- Rokantiškės Location of Rokantiškės
- Coordinates: 54°39′50.4″N 25°23′24″E﻿ / ﻿54.664000°N 25.39000°E
- Country: Lithuania
- County: Vilnius County
- Municipality: Vilnius District Municipality
- Eldership: Šatrininkai Eldership

Population (2021)
- • Total: 25
- Time zone: UTC+2 (EET)
- • Summer (DST): UTC+3 (EEST)

= Rokantiškės, Šatrininkai =

Rokantiškės is a village in the Vilnius District Municipality, 1 km from Grigaičiai. National road KK101 passes through the village territory.

== History ==
Historical western part of the village was detached and integrated into Vilnius city to form Rokantiškės district of Vilnius.

== Military camp ==
On 24 August 2022 constructions works started for new military base in Rokantiškės.
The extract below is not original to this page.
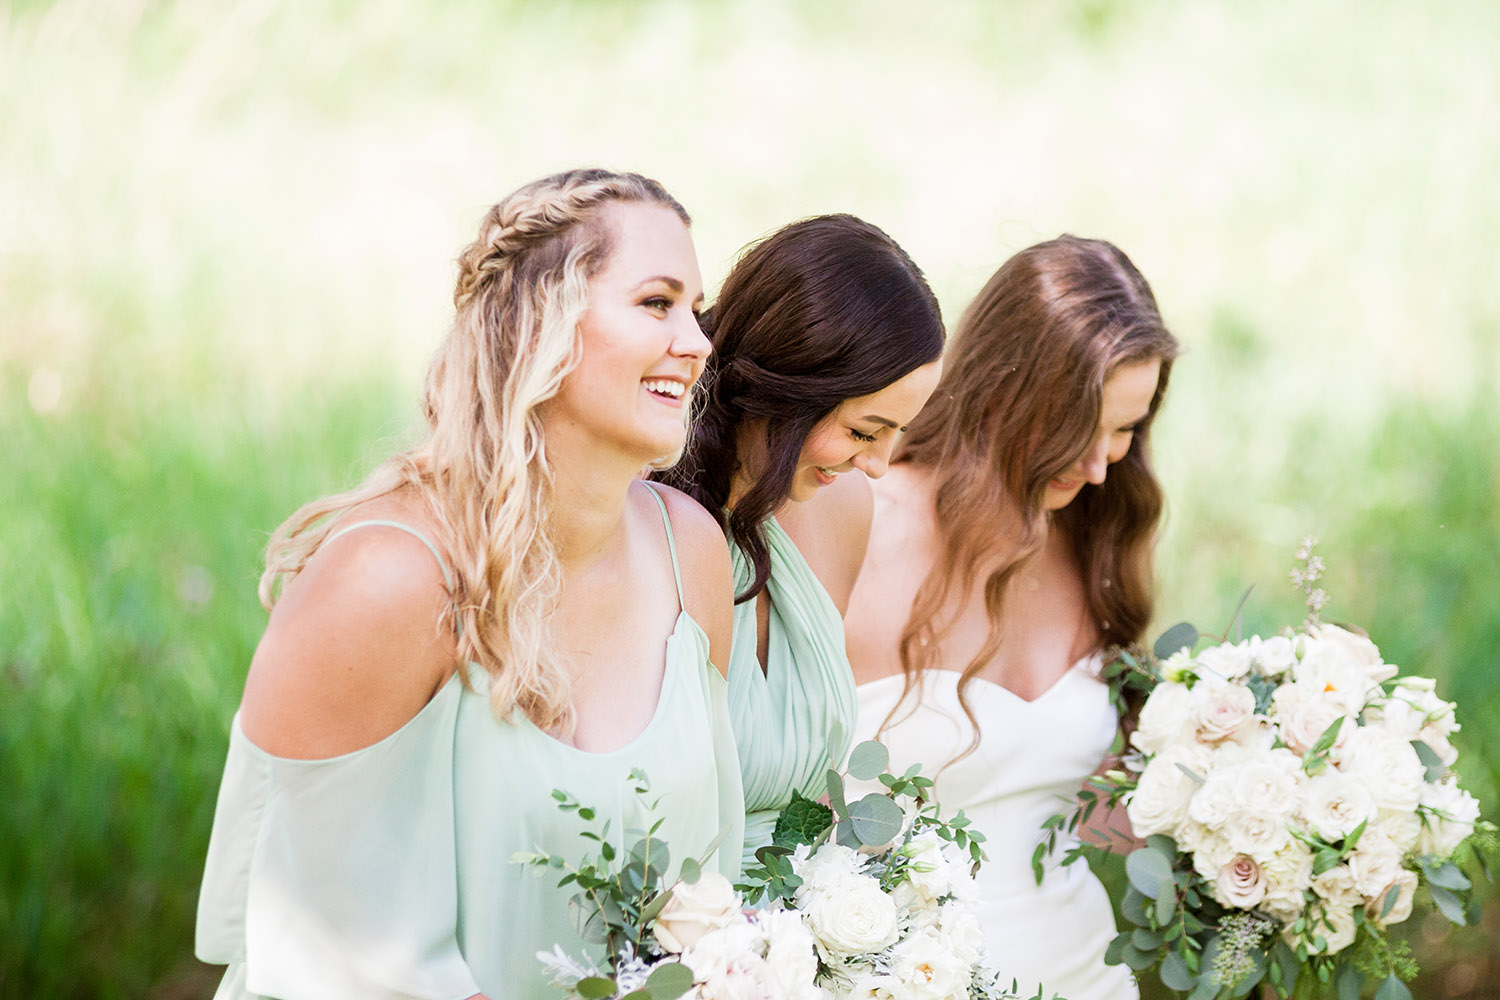 bride with bridesmaids in pale green dresses

Project consists of army base with permanent living spaces for soldiers, medical buildings, leisure and sports complexes, military training rooms, garages for military vehicles. This will serve as headquarters for Duke Vaidotas Mechanised Infantry Brigade.

On 5 February 2024 the military camp officially was opened by Defence Minister Arvydas Anušauskas and Prime Minister Ingrida Šimonytė.